Toda essa uva vai virar vinho... Mas o contexto da conversa era assim: encontrara um Brunello com apenas seu nome e uma sigla a identificar o produtor. Sem maiores informações, Don Flavitxo faz a seguinte consideração: talvez alguém tivesse as uvas (da região de Montalcino) e após a vinificação faltou coragem de colocar o nome no vinho produzido. Não deixa de ter sentido. Por outro lado, às vezes lendo sobre produtores, vinhedos, safras, ficamos 'acostumados' àqueles de maior nome, fama ou importância. Mas como em quase tudo - nas artes, nos esportes e, por que não, na produção de vinho? - precisamos ter aquele grosso que faz o básico - a mediocridade - para que desse caldo surjam os expoentes. É só uma reflexão, mas tem algo a ver com o vinho desta feita.
Barolo Langates 2010
Barolo Langates 2010 apareceu em S. Carlos por uma pequena adega. Seu proprietário, um italiano recém-chegado ao Brasil, tinha por ideal vender produtos de sua saudosa pátria. Encontrei Lagates lá, com a seguinte informação no contra-rótulo:
Produzido e engarrafado por CN/5190 em nome de Nova Terra SRL, seguido por dados do importador e distribuidor. Depois de comprar alguns produtos simples, como o simpático 'La Fata Galanti' e alguns exemplares do Terre dei Savoia, achei que valeria a pena arriscar um pouco mais. Todos esses vinhos são representados pela
Italyswine, um projeto italiano destinado a alavancar o vinho de pequenos produtores (ou nem tanto) no mercado mundial, com ênfase nos EUA e no Brasil. Bem, voltando: havia encontrado na internet apenas uma 'entrada' para o Barolo Langates, e seu preço apontava para a faixa de 40 dólares, ou euros. A loja acabou entrando em colapso, e pelo preço ofertado pelas garrafas acabei ficando com duas. O Jaci ficou com uma também, que bebemos há cerca de três anos. Estava muito bom, boa fruta, bem equilibrado, pronto para beber. Eis que passado algum tempo, resolvi visitá-lo. Sempre tive comigo - muito mais da literatura do que da experiência - que Barolos precisam de uma década para amadurecer. Langates 2010 alcançou a maturidade. Acho até que não será longa. Mas quem sou eu... Tem presença de fruta, mas não tão marcada. Poderíamos dizê-lo 'austero'? Mostrou-se, com 10 anos, um vinho um pouco diferente daquele tipo de vinho com o qual estou mais acostumado. Menos nariz, mais boca. No segundo dia (quando escrevo), continuava de igual proporção, boca melhor. Mas apareceu algum chocolate, também presente na boca. Ainda mostrou evolução. Acidez e persistência boas, álcool aparece discretamente. Tem suas arestas. Fiquei pensando como ele se encaixaria no contexto da introdução. Um vinhedo de segunda? Terceira? Que tipo de vinho é esse? Um grande vinho? Jamais. Um bom vinho? Em qual contexto estamos falando? Somente europeus? Sendo assim, tenho muitas compras melhores (de vinho europeu, não necessariamente de Barolos). Um vinho de terroir? Não conheço tanto Barolos, mas de uma coisa eu sei: tem boa acidez, característica para mim muito cara. Sua persistência é
agradável. Não é tão grande, mas é fácil de notar como tem boa presença. E isso faz toda a diferença... para o bem ou para o mal.
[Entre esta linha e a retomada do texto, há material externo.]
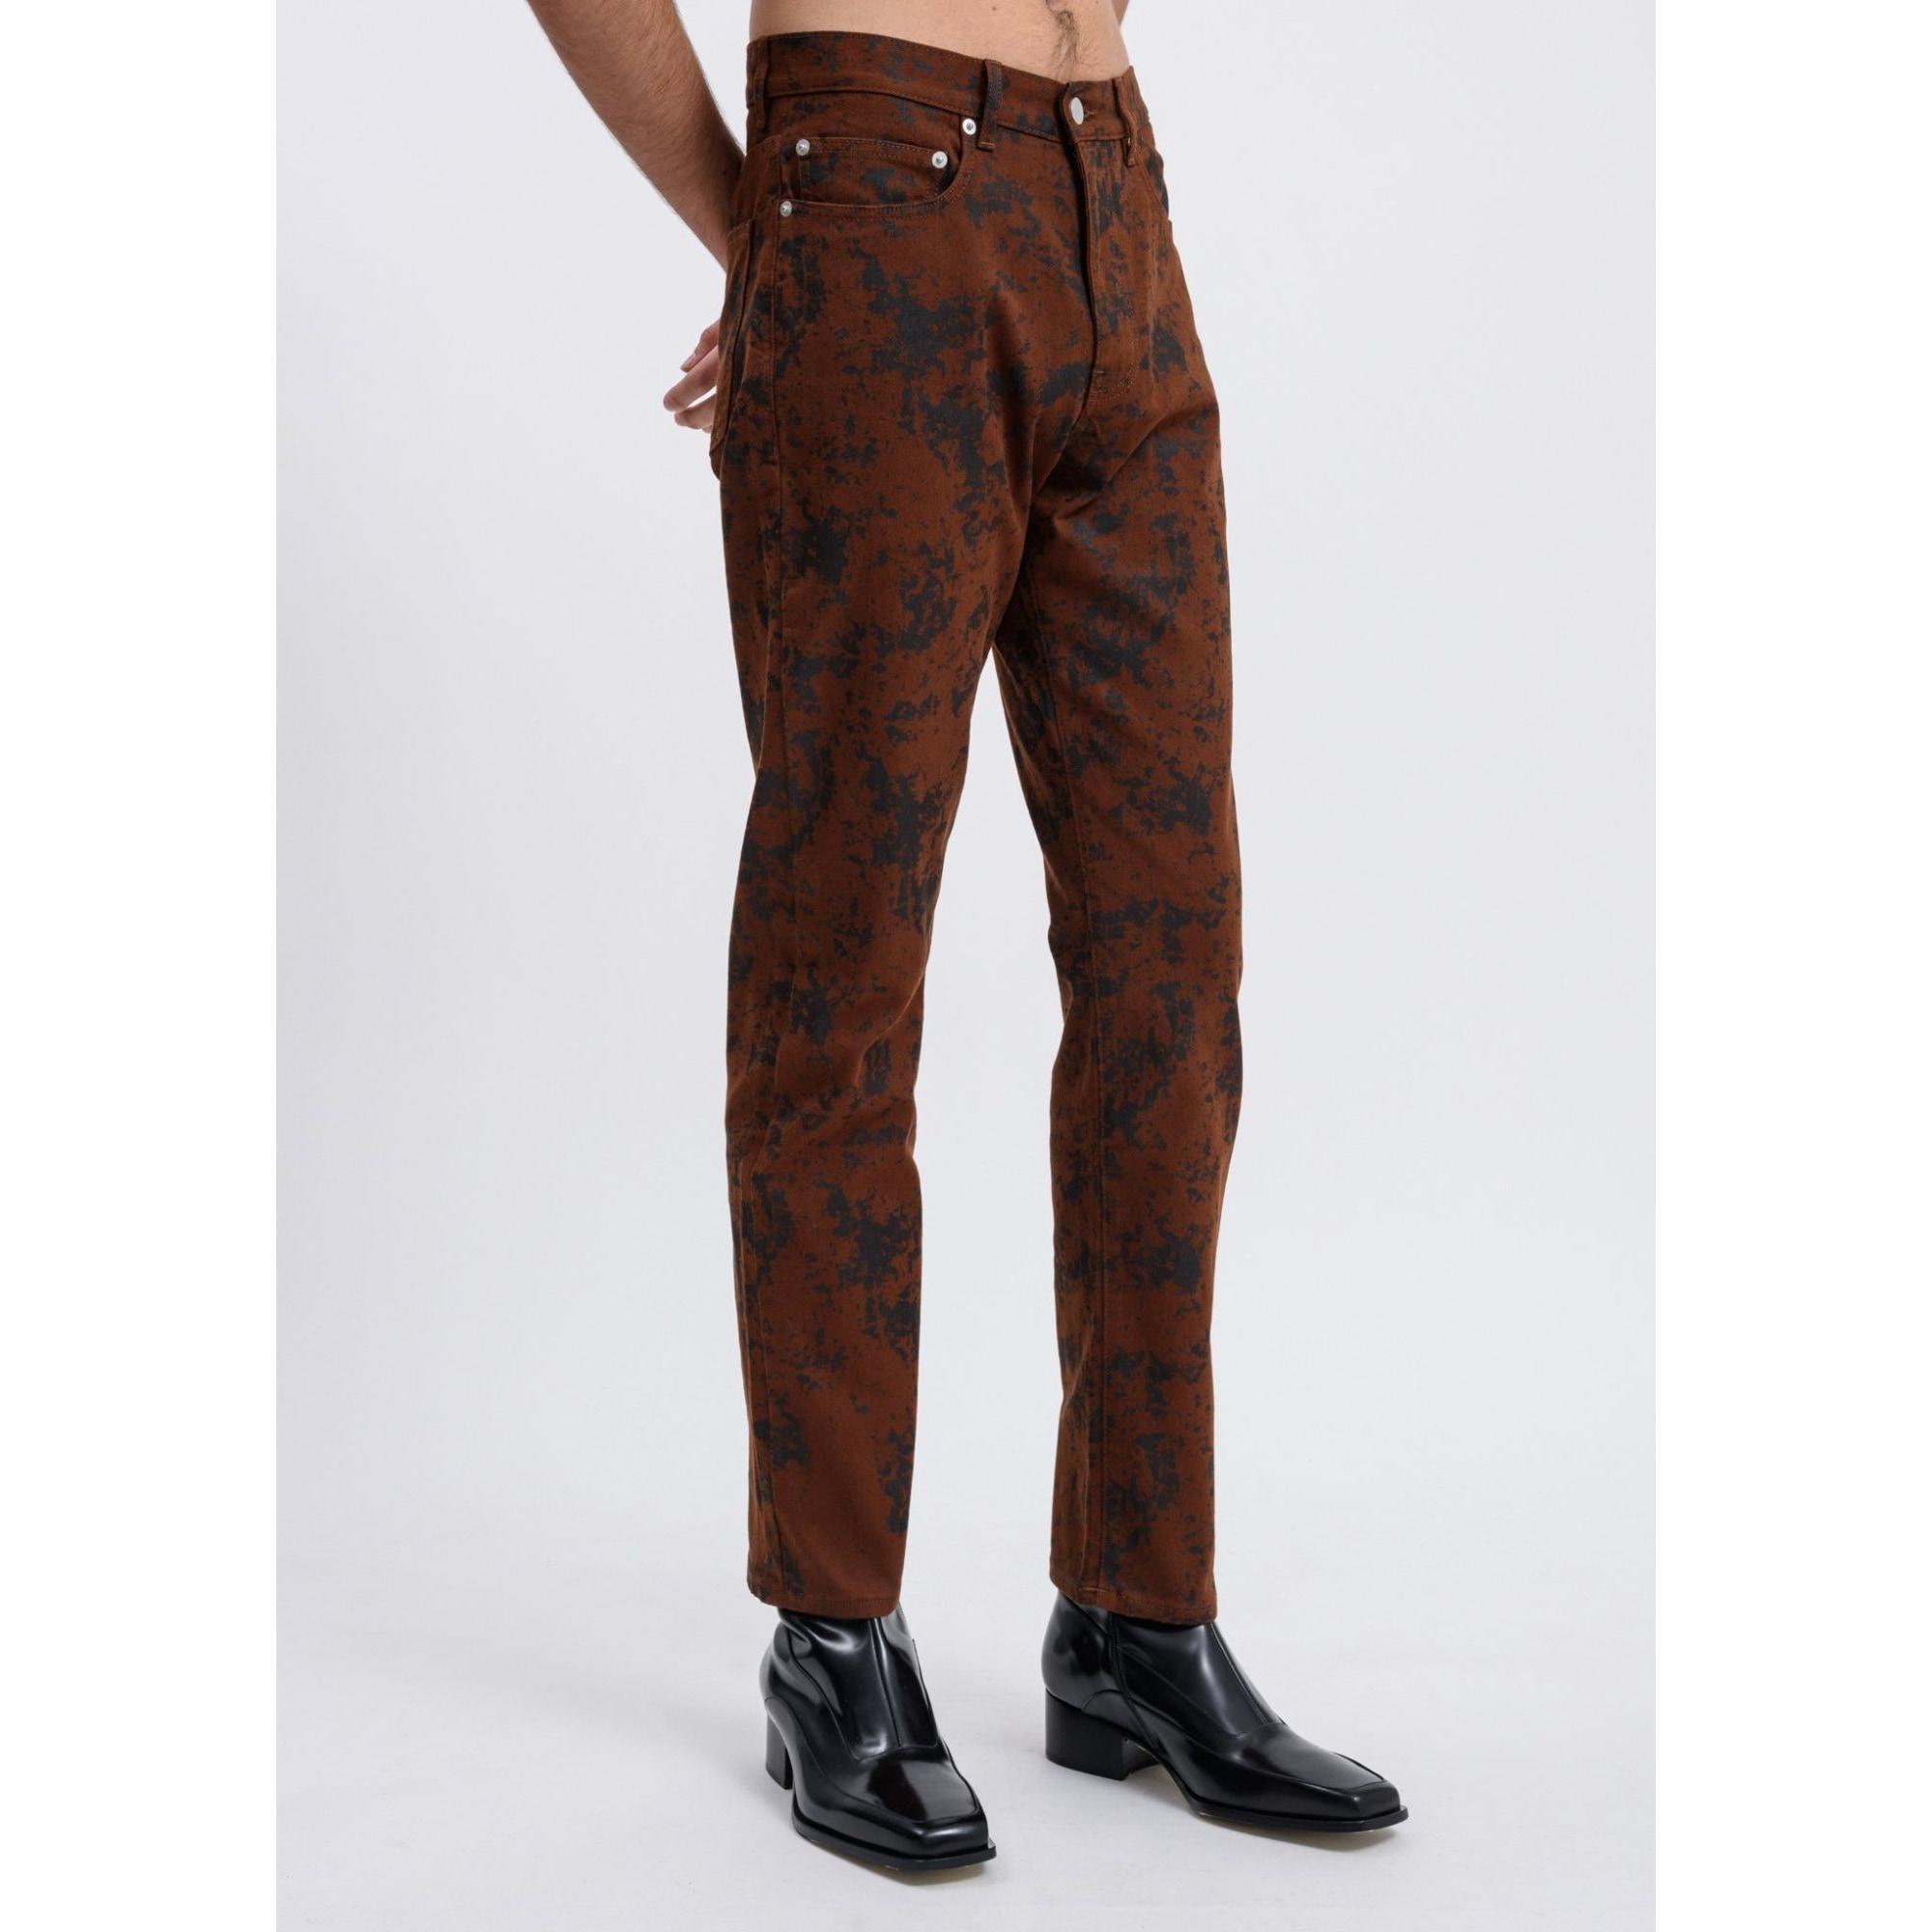 Jeans droit CMMN SWDN Doré, bronze, cuivre

Gosto de tentar contextualizar o vinho que provo com o que está no mercado. Talvez em outros lugares isso não faça sentido. Aqui fez, e todo ele: o mercado está desregulado, o consumidor é um otário... (lamento dizê-lo). Vou compará-lo, qualidade e preço, com um vinho do qual já bebi várias garrafas, e venho bebendo de duas safras ao longo do tempo, em suas cepas Syrah e Cabernet. O Terrunyo, da Concha y Toro. Seu preço subiu no Chile, desde que trouxe uma mala dele. Foi minha última compra mais pesada de chilenos, logo depois dos tempos da Grande Alta de Preços, que aconteceu ali por 2009. Essa remessa veio provavelmente em 2011, 2012. Paguei então 16 ou 17 'Luca' (mil pesos). Atualmente, 26. OK, teve inflação por lá. Aqui, há um tempo estava por até R$ 160 na 'promo', R$ 230 fora dela. Atualmente (pasme!) R$ 378 no sítio do importador https://www.terrunyo.com.br/. Mas também R$ 350 na Wine e... R$ 240 na www.vinomundi.com.br. Não vou entrar no mérito da safra ou da uva. É um vinho 'De Prodecência' como disse algum tolo certa vez, então vamos assumir que seu custo não deveria variar muito de safra ou de uva. Mas como vimos, varia. O preço, quero dizer. 😕 A qualidade é sempre a mesma...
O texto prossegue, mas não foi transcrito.